Iniki in Hawaiian means ‘strong and piercing wind,’ which is why it was an appropriate name for the hurricane that ravaged the island of Kauai in 1992. Shortly after the storm, a different kind of hurricane arrived. Rocker Todd Rundgren and his wife Michelle moved to Kauai. Sadly, one thing was missing in paradise: an awesome tiki bar. Michele changed that when Tiki Iniki opened in 2013 drawing inspiration from the hurricane that defined her arrival.
A giant, menacing, wood-carved tiki god greets guests at the entrance. The inside is loaded with an incredible collection of collectables gathered by the Rundgrens over the years. Posters, statues and bamboo cover the walls. The highlight of this collection is the giant wall of tiki glasses above the bar. Tiki Iniki is more than just tiki kitsch. The bar prides itself on crafting fine, classic cocktails with Hawaiian flare executed by Bar Manager Carlos Burris. The cocktails were created by master mixologist Julie Reiner.
The bar’s most popular cocktail is the Trader Vic’s Mai Tai made with Appleton V/X, J. M. Rhum 80, fresh squeezed lime, orange curacao and toasted almond syrup. While paying homage to the traditional Mai Tai, Burris likes to tweak things a bit. He says he makes Old School drinks with fresh ingredients and new school mixology techniques. The Mai Tai is so popular, he says the bar makes a few hundred a week. The cocktail, upon first taste comes on a bit strong, but Burris suggest pushing the garnish of mint, cherry, lime and orange into the glass and giving it a bit of a muddle. The sweetness of the fruit will then temper the rum making for a perfectly balanced cocktail, which is what Burris wants.
“We like to create a balance between sweet and sour, spice and tang,” says Burris. “We’re trying to hit all flavors.” Burris also says that many of the fruit juices and garnishes come from Michelle’s own garden, so these are truly authentic Kauai beverages.
The Flaming Zombie, another popular drink, is made with five different kinds of rum – Coruba, Lemon Hart 151, Appleton, Bacardi 8 and Wray & Nephew - bitters, grapefruit and lime. Guests can also order it as a bowl which serves two to six people. As the name suggests, Burris sets it on fire. He puts a single sugar cube on top of a fruit garnish and adds a large green pineapple leaf in the middle to protect the straw. He then soaks the sugar cube in rum and lights it on fire. The flames char the fruit and melt the sugar. After it flames out patrons put the charred fruit down into the drink to give it an extra smoky, fruity flavor. A mix of tastes, spice from the rum and the sweet of the fruit, comes through. The Flaming Zombie also has a creaminess, which elevates it above what most people consider an “umbrella” drink.

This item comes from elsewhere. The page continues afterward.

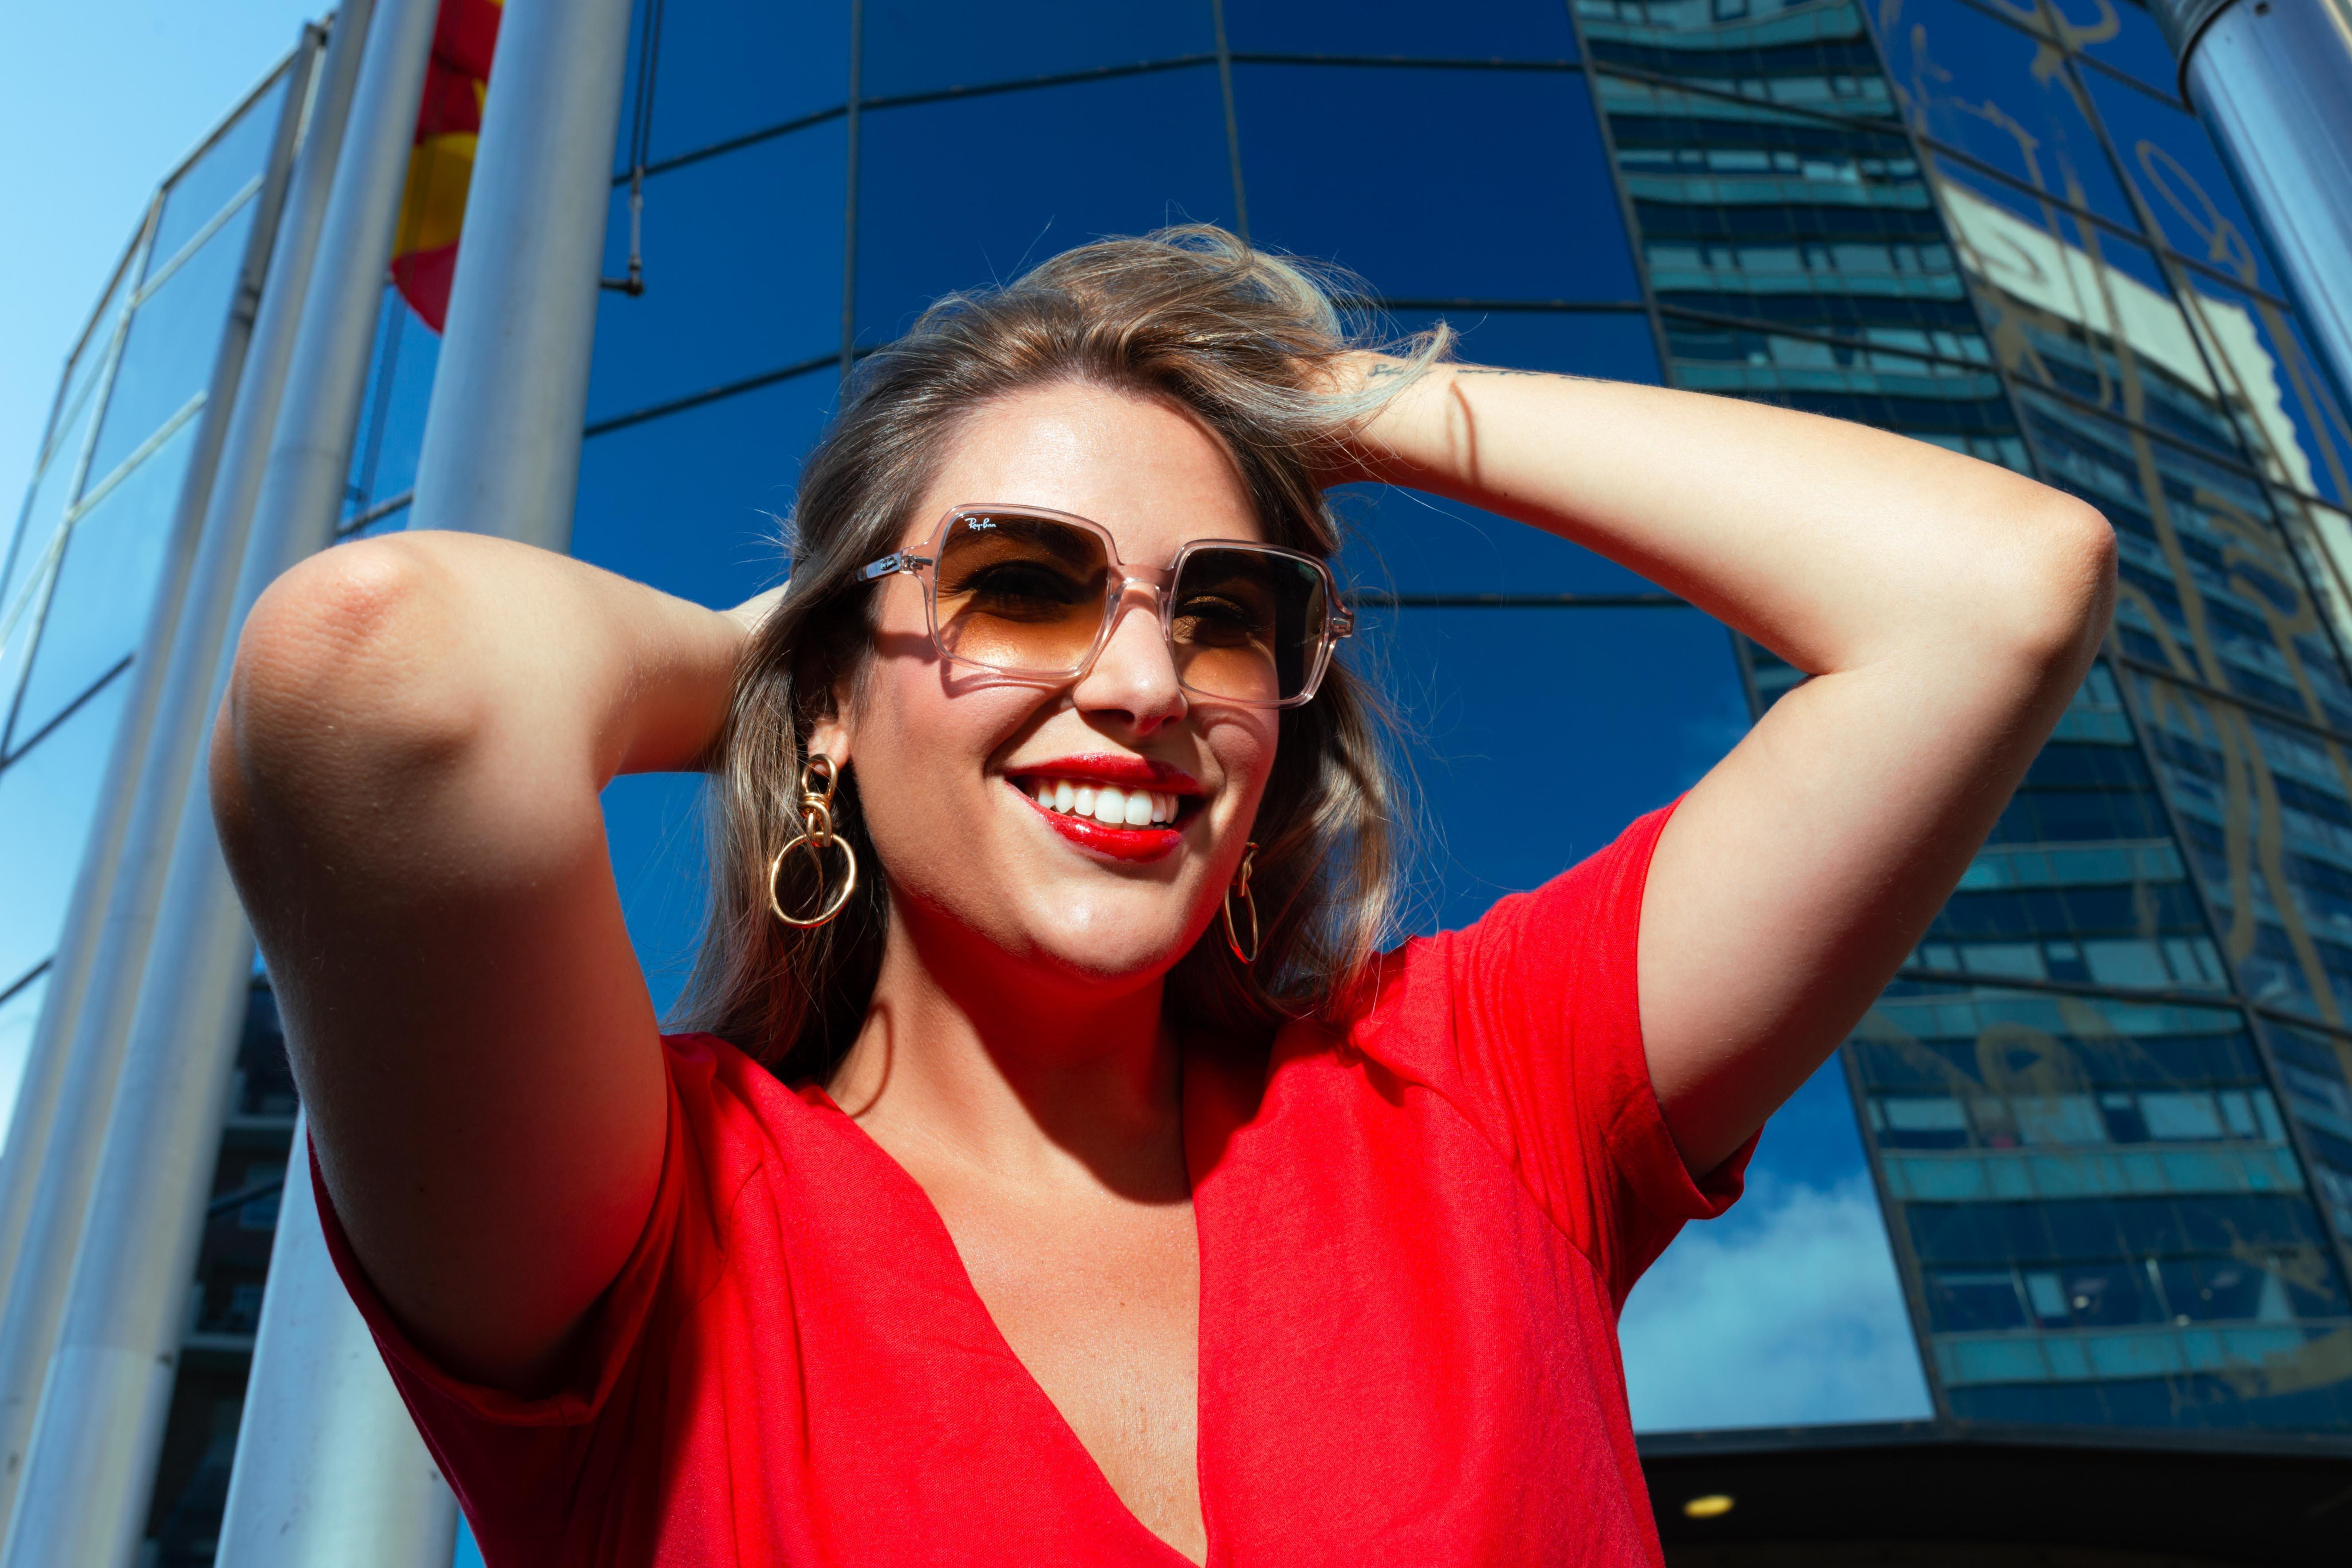 Tendencias en gafas de sol verano 2020

Another signature cocktail, The Iniki, also strays from the umbrella drink mold. Made with El Dorado 3- and 5-year rum and fresh sweet and sour juice, the cocktail is finished with a not-so-tiki Prosecco float. For fun, Burris bends back the little paper umbrella to symbolize the hurricane.
These three cocktails are served in their own souvenir tiki glasses, each with its own color. The Mai Tai comes in a teal glass, the Iniki in red and the Zombie in brown. The glasses are $20 on their own or purchase a cocktail and keep the glass for an additional $15.
For those looking for a “lighter” drink, try the Lovely Lini. Served in a champagne coupette, this cocktail can be made with either gin or vodka and is mixed with Prosecco, pineapple puree and fresh lemon juice. Burris calls it Kauai champagne. With a lower alcohol content, guests can drink more than one during a lingering evening. The Big Kahuna is as tropical as it gets with passion fruit simple syrup and Madagascar vanilla. However, the main spirit is tequila, which blends nicely. Burris hopes to add a whiskey cocktail soon.
The food at Tiki Iniki is just as fresh and flavorful as the cocktails. Michelle insists they use as many locally sourced items as possible and all the items, from flatbread pizzas to salads, have a Hawaiian twist. The house specialty, the half pound Iniki Burger, is made with a Hawaiian delicacy, SPAM. The Iniki Burger also has spicy mayo, pickled jalapeños and provolone cheese. The visible chunks of spam in the patty give the burger an extra salty, savory taste.
Happy hour here is from 4 to 5:30 PM, and there is a late night happy hour from 9:30 to 11 PM. Service industry night for hotel and restaurant employees is Sundays with a 15% discount. Manic Mondays feature $9 Mai Tais and $7.50 Moscow Mules. Wednesday patrons can really cut loose with Whiskey, Wine and Wigs night. Along with whiskey and wine specials, anyone who comes in wearing a wig gets a 10% discount.
Tiki Iniki is Michelle Rundgren’s labor of love, and guests can see it in the service and taste it in the cocktails and food. It’s a place where locals can relax and visitors can find the essence of the island. Tiki Iniki is located in the Princeville Center on the northern side of Kauai, just off Highway 56.